Big Data Profiles: interview with Martin Thompson
17 Feb 2013This is the first article in Big Data Profiles, a series profiling individuals and teams who have successfully delivered large-volume, data-driven systems.
Martin Thompson is a high-performance and low-latency specialist, and one of the creators of the Disruptor. While at LMAX and Betfair, Martin built and tested systems that are capable of handling hundreds of thousands of transactions per second with response times in the microseconds. The business domains of these systems (betting, trading) meant that complete continuation of service under extreme load was cruicial.
Every transaction counts
When dealing with financial systems, even a single lost transaction can create bad publicity, put the viability of the whole system in question, and cause customers to seek legal recourse through regulators. Repeating failed transactions at a later point may not be possible as the business opportunity has already been missed. The ability to explain and prove system behaviour (for instance, why a series of transactions was carried out in a particular order) and performant reporting on historical data (stretching into the distant past) are concerns that have to be baked into from the very start. Verifying that specific invariants are maintained is the central part of the functional testing.
Pipelines
One of Martin’s teams had great success using build pipelines (as described in Dave Farley and Jez Humble’s Continuous Delivery book) - a series of stages (build and unit tests, integration tests and acceptance tests, tests of cross-functional requirements, exploratory tests) through which the software travels and is exercised under increasingly production-like configurations and environments. The pipeline was geared towards providing feedback to the team as quickly as possible; for instance, certain acceptance tests were moved into earlier test stages and acted as canaries to catch critical regressions (that were only exhibited during complex interaction between components) as soon as they were introduced.
Dogfooding
The team also institutionalised ‘dogfooding’ by holding an internal competition after every iteration using the latest production version. The friendly contest between users pushed the system in novel and unexpected ways and uncovered problems (such as bottlenecks and exploits) that were not caught even during the exploratory testing stages.

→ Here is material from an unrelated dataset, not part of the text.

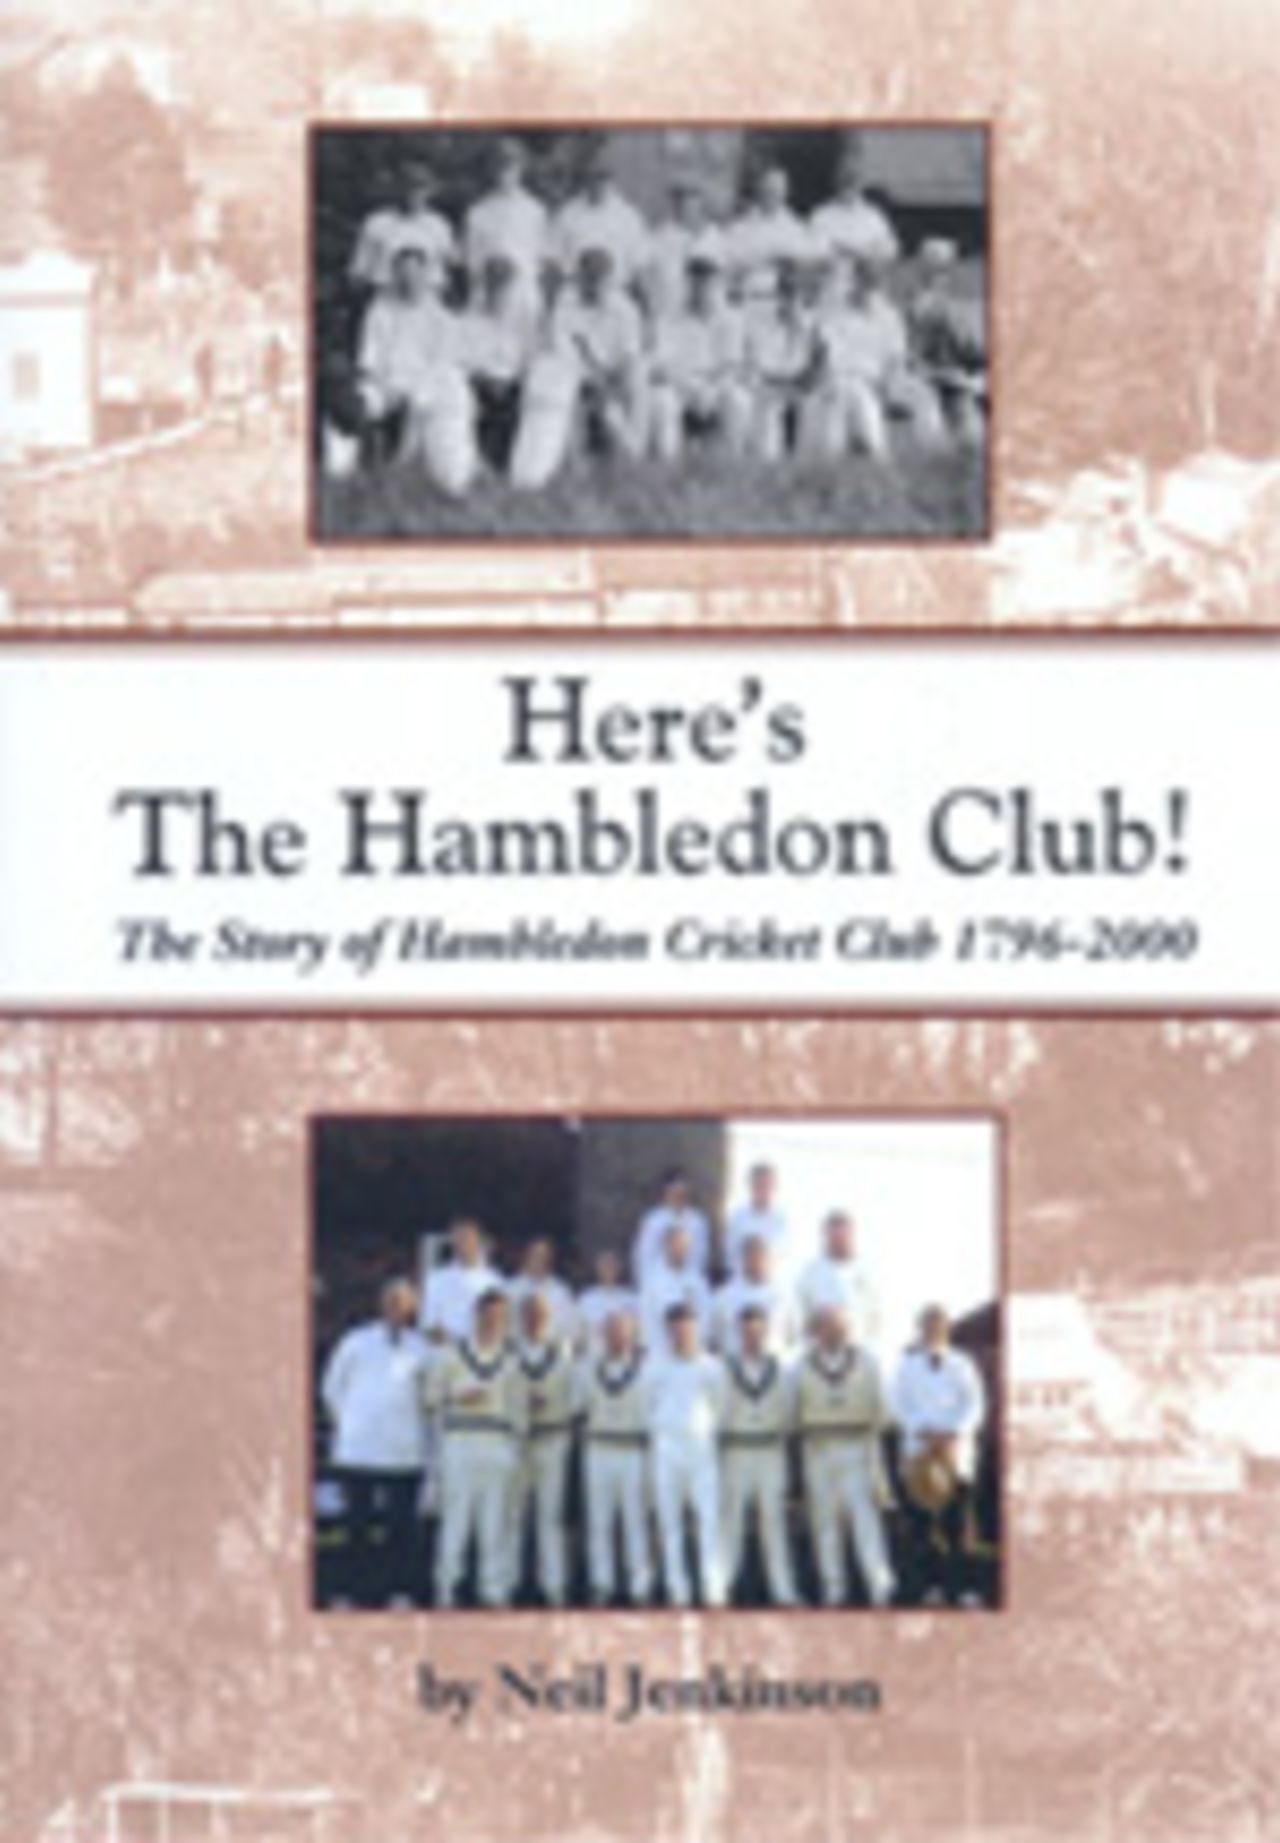 The Story of Hambledon Cricket Club 1796-2000 by Neil Jenkinson

Martin has a word of warning: teams that undertake building high-throughput/low-latency systems need to have the appropriate architectural skills/experience (in order to, for instance, pick an appropriate database technology or avoid obvious performance bottlenecks), as well as the ability to write code that doesn’t go “against the grain” of the underlying hardware. Applying the YAGNI principle to such decisions may box the team in and could lead to expensive rework or embarassing failure.